● DATA SEGMENT
—————

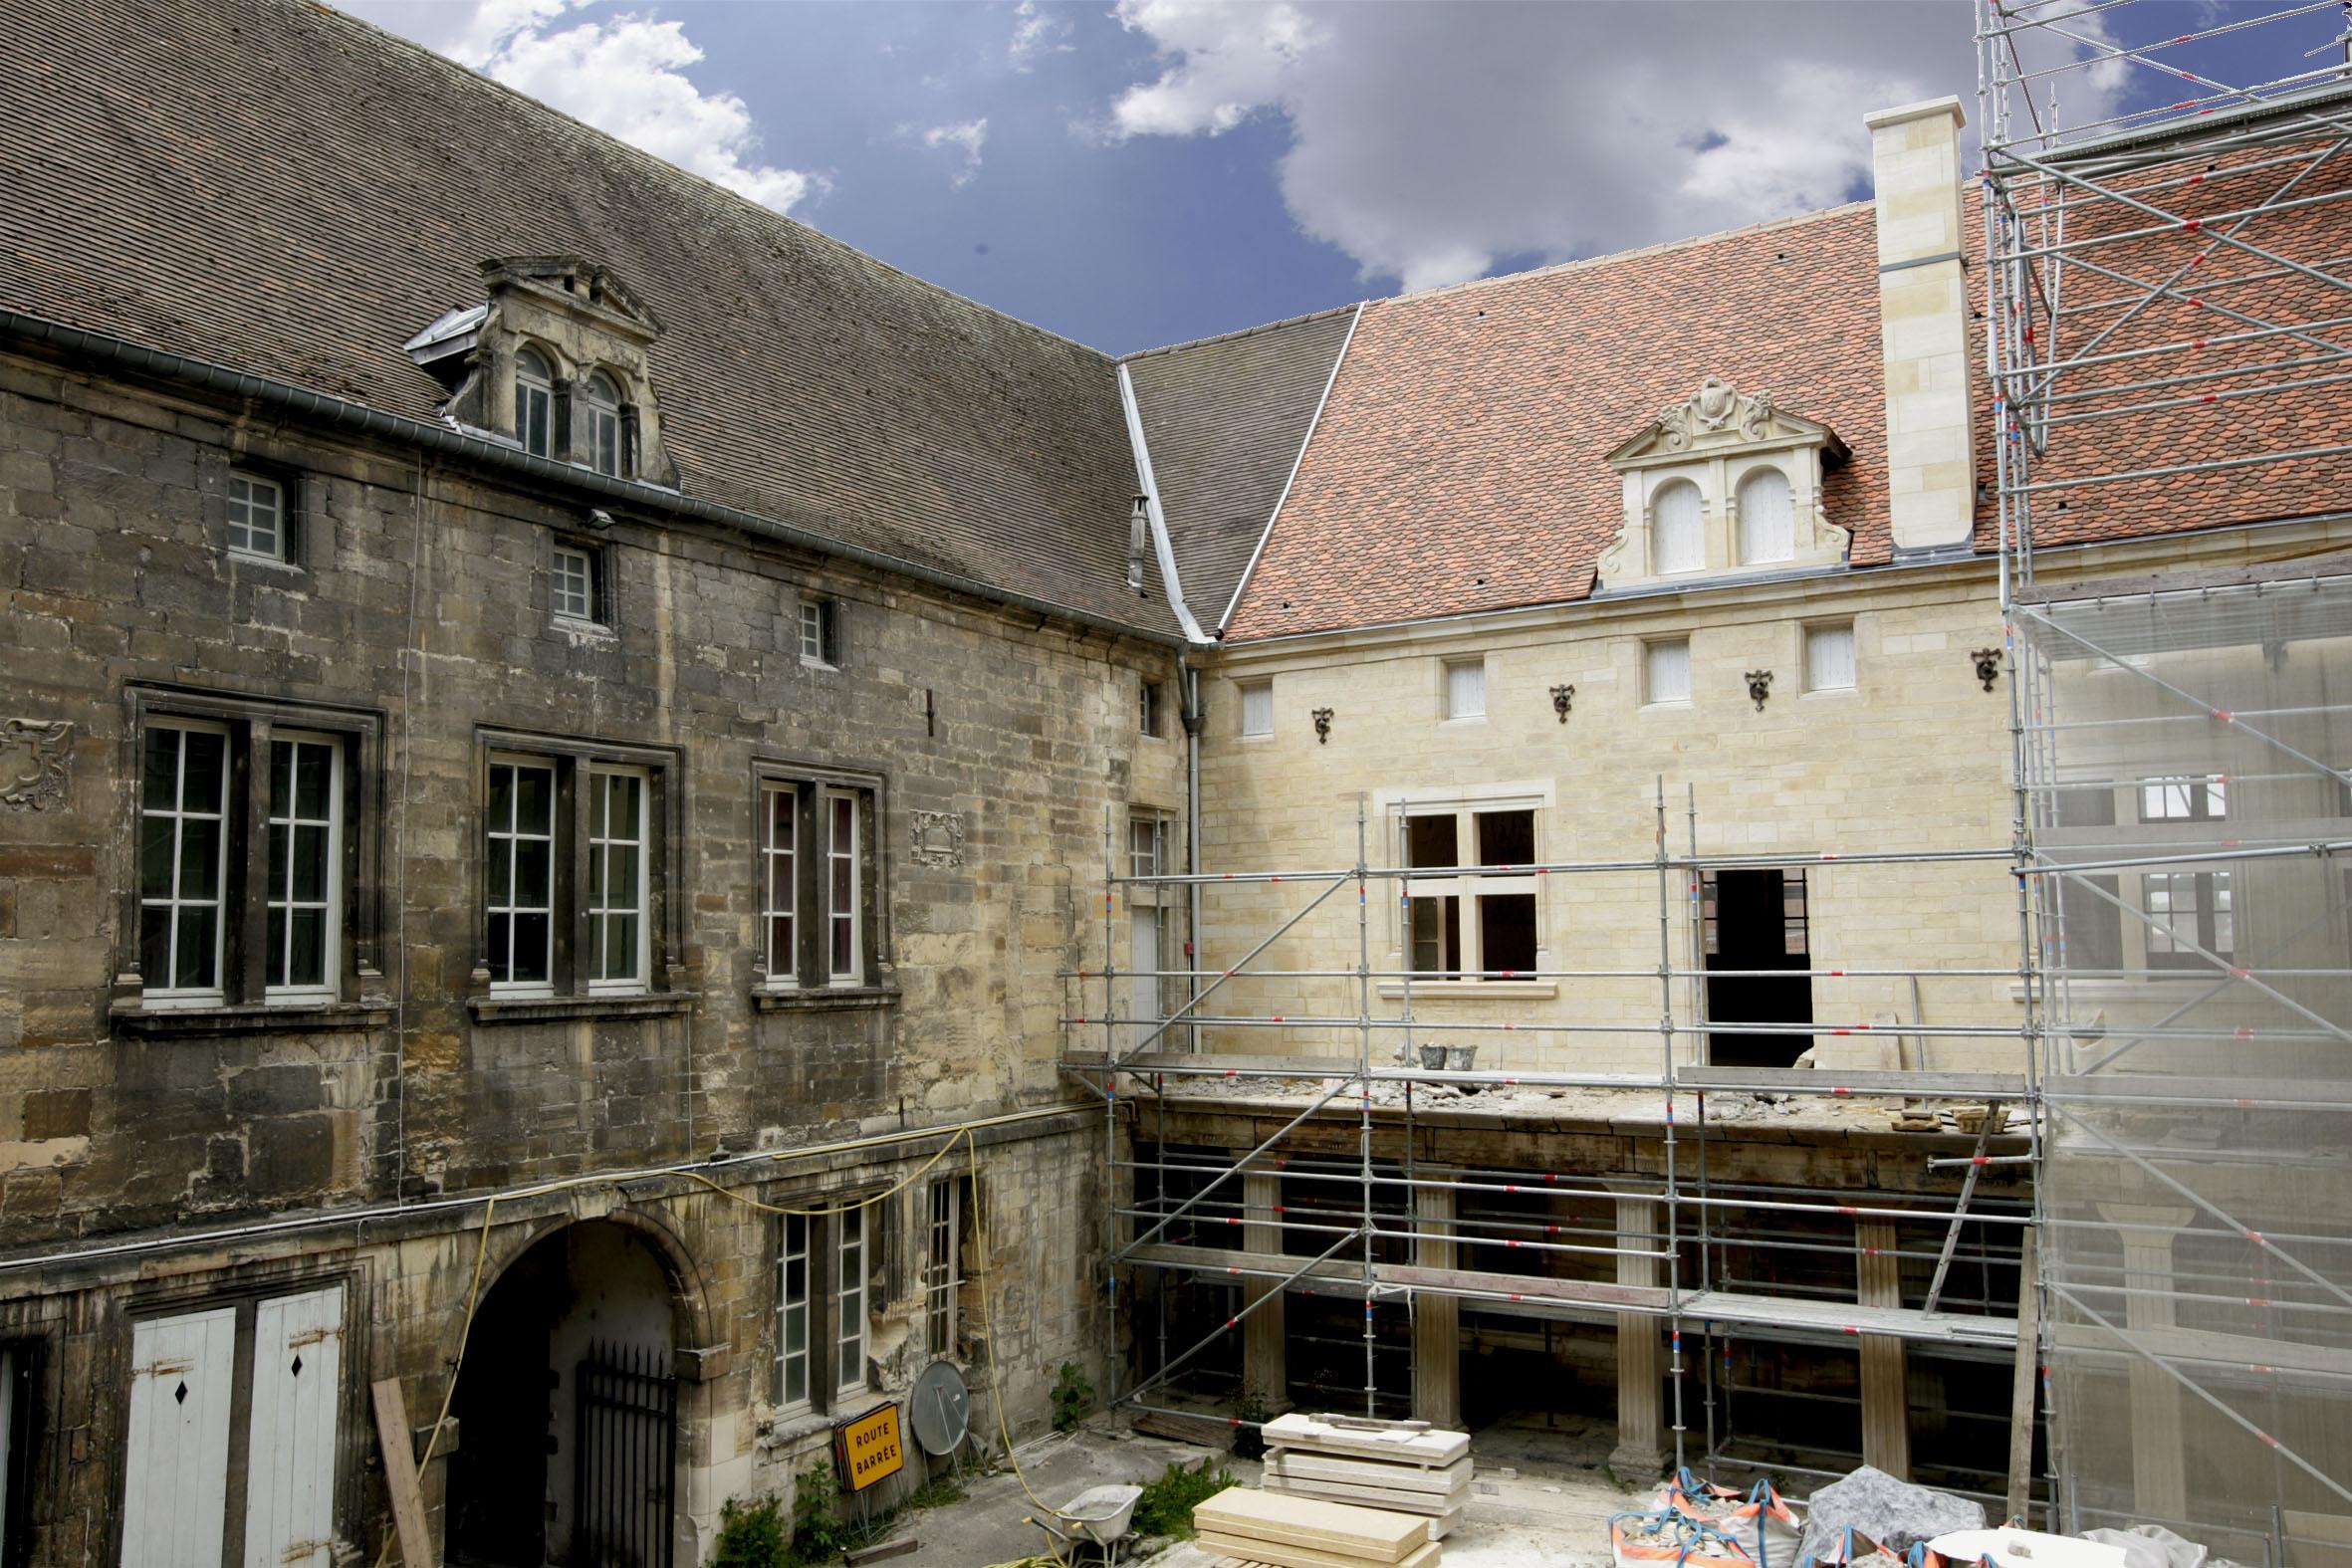 Agence Caillault ACMH – Collège Gilles de Trêves – Bar-le-Duc – Aile intérieure ouest avant restauration et aile intérieure nord en cours de restauration
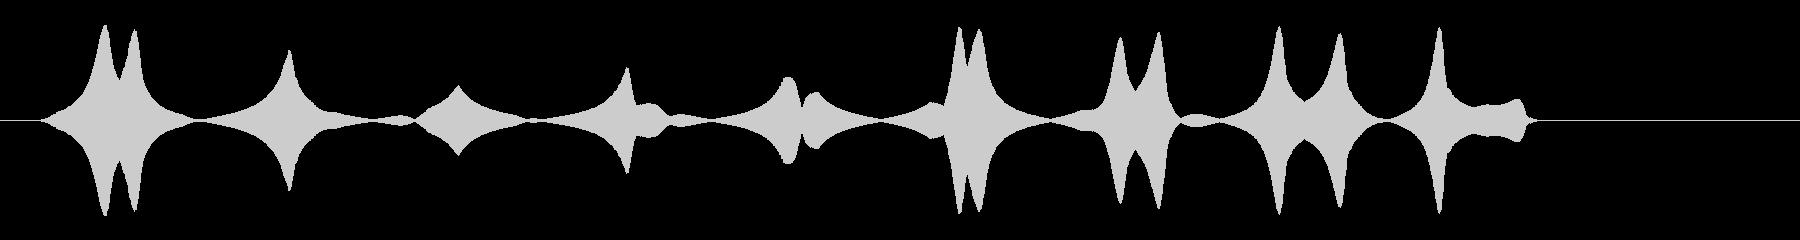 ピルルル・・・(可愛らしい小鳥の声)の未再生の波形
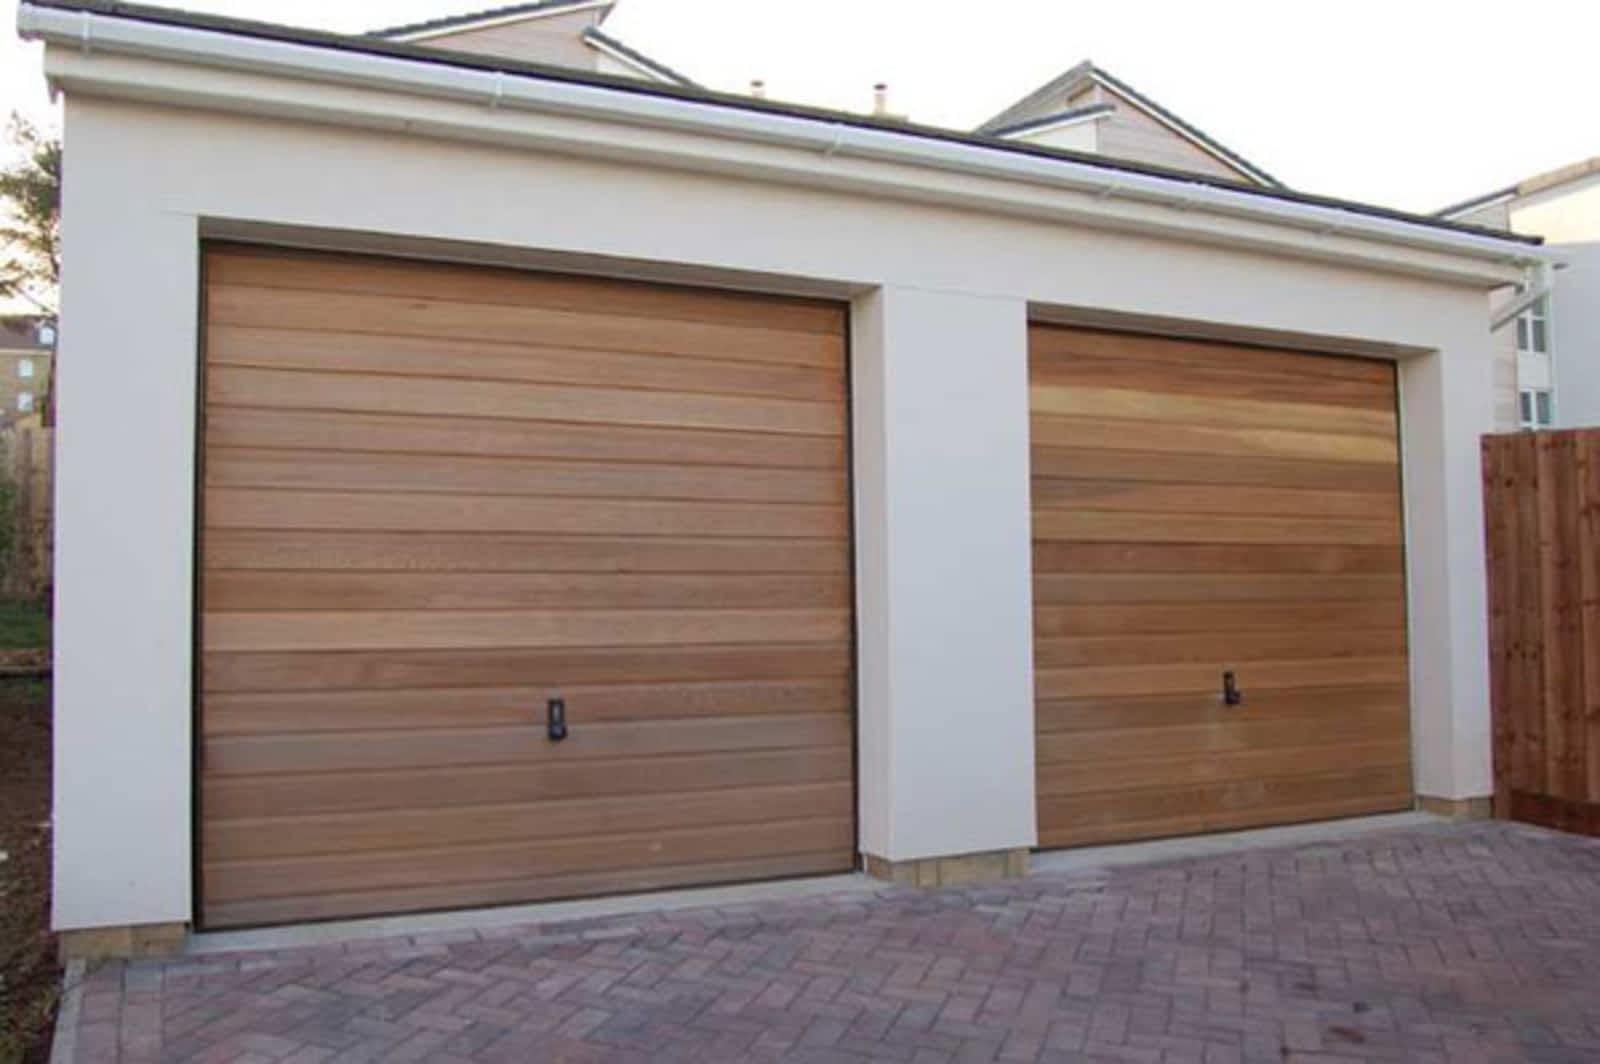 panel doors recessed expert garage hagerstown services door chambersburg interstate
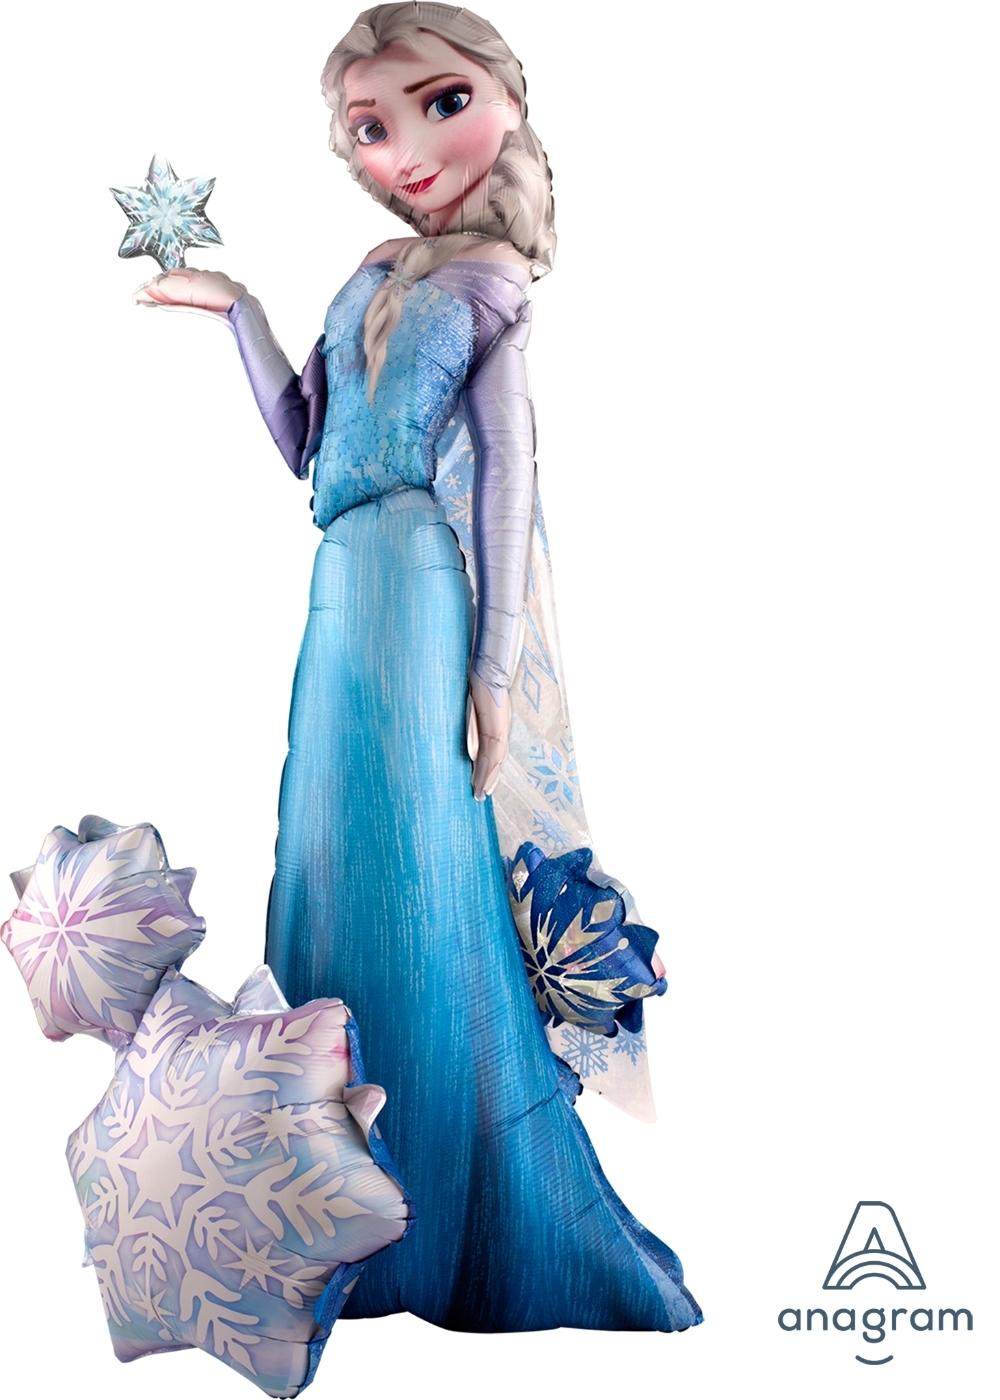 a110087-elsa-the-snow-queen.jpg

—————

● TASK BRIEF
The result should be a verbatim copy of the data, free of pictures.

● SOLUTION TO THE PROBLEM
 Agence Caillault ACMH – Collège Gilles de Trêves – Bar-le-Duc – Aile intérieure ouest avant restauration et aile intérieure nord en cours de restauration
 ピルルル・・・(可愛らしい小鳥の声)の未再生の波形
 panel doors recessed expert garage hagerstown services door chambersburg interstate
 a110087-elsa-the-snow-queen.jpg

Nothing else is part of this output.